La Famiglia declined to give financial details of the deal, but Fürstenberg says, “We’re not doing this for the financial outcome”. She says the firms will be raising joint funds in the future. 

General Catalyst, founded in 2000, opened a London office in 2021 and shares several investments with the German seed fund, including Helsing, Stripe, Applied Intuition, Maven and Ramp. The US investor invests at seed all the way up to growth stage. 

Joining forces

Earlier this year, La Famiglia announced it had raised €255m for a third seed fund and a new €90m growth fund — no mean feat in a tough fundraising environment. So why join forces with another fund now?

Fürstenberg says that one attraction was the ability to invest at a scale that it would have taken La Famiglia another decade to achieve in terms of talent and assets under management.

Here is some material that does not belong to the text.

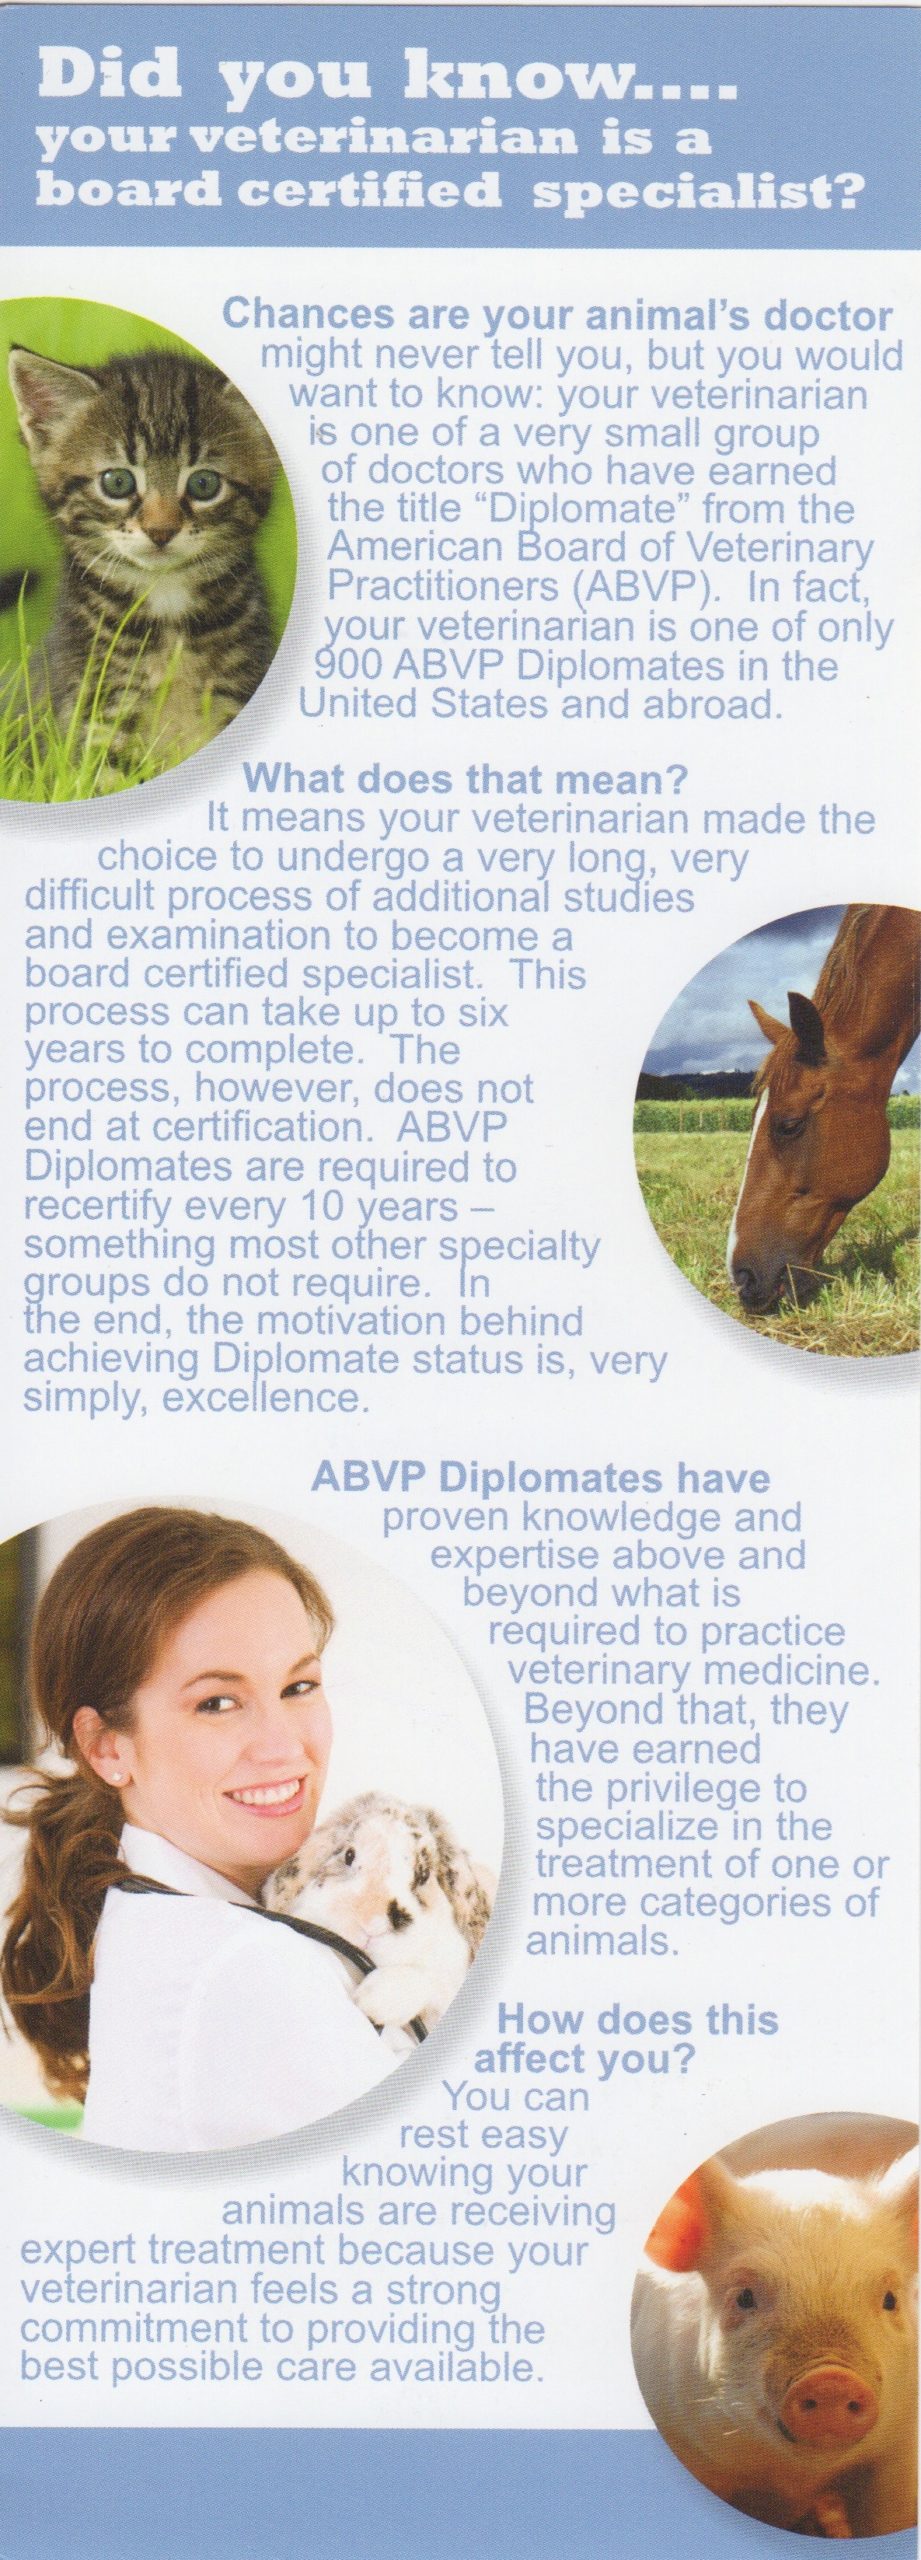 AAHA information with Did you know...your veterinarian is a board certified specialist text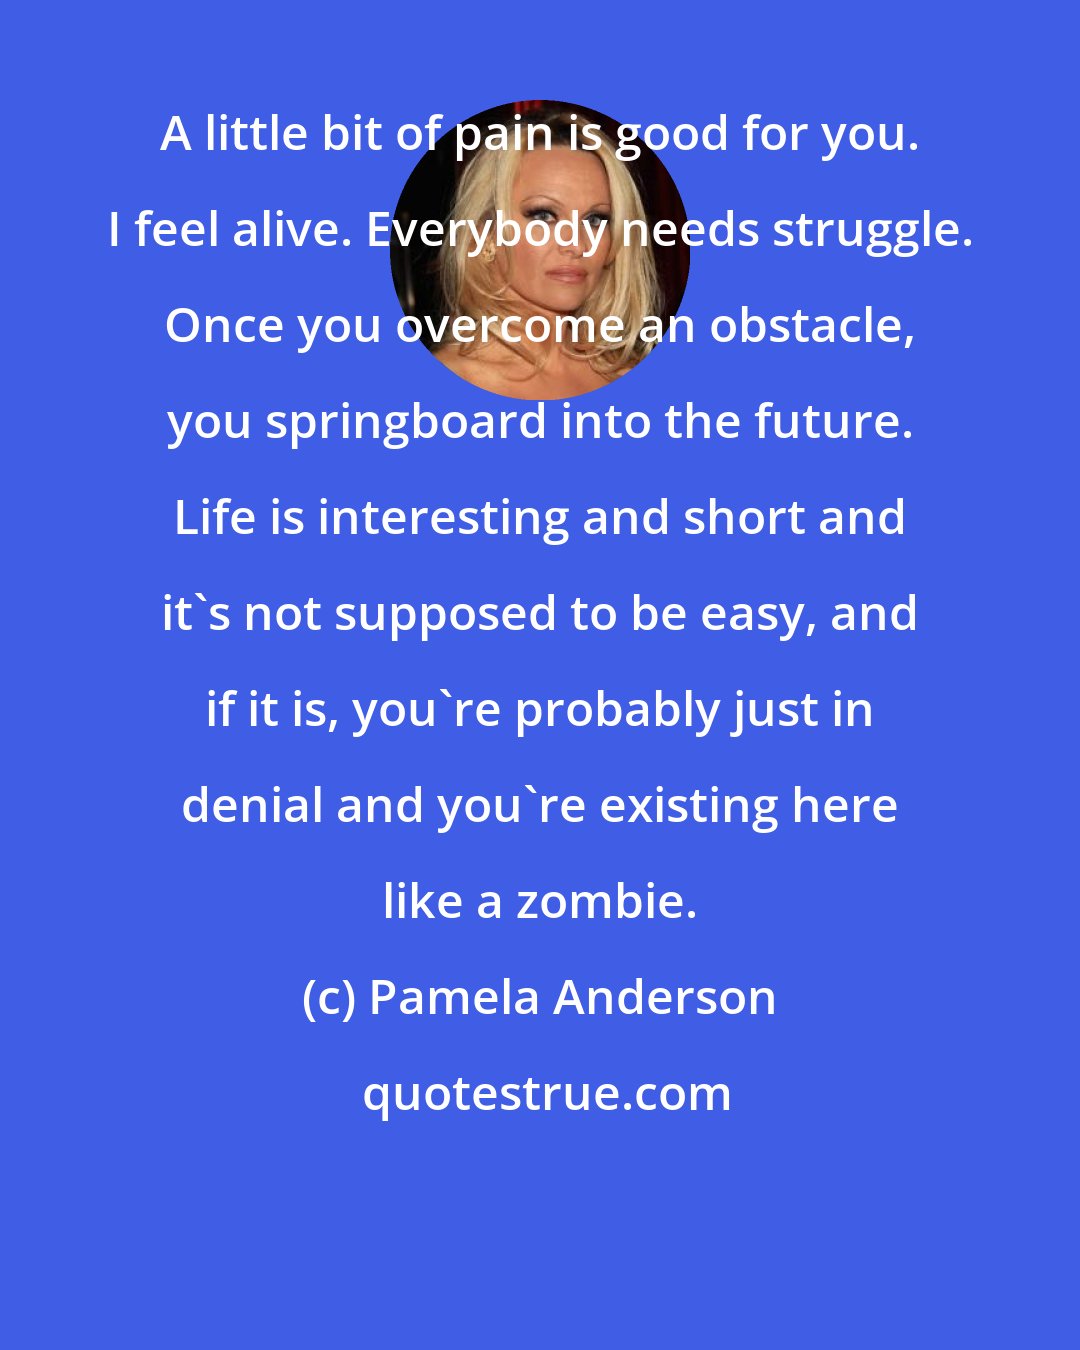 Pamela Anderson: A little bit of pain is good for you. I feel alive. Everybody needs struggle. Once you overcome an obstacle, you springboard into the future. Life is interesting and short and it's not supposed to be easy, and if it is, you're probably just in denial and you're existing here like a zombie.

“The question we are asking ourselves is, ‘Do we have another decade right now with everything that’s showing up on the horizon?’” 

In addition to software, both partners also pointed to the potential to back companies that would require long-term capital to scale in areas such as climate, industrials and defence, as another impetus for wanting to work with GC. 

“We’ve probably reached the end of the SaaS curve. There’s probably going to be a redistribution of market share. If we think about what this next wave of innovation is going to be, it’s probably going to be anchored more in a shift from bits to atoms,” says Fürstenberg, which will mean more investment in hardware or manufacturing. 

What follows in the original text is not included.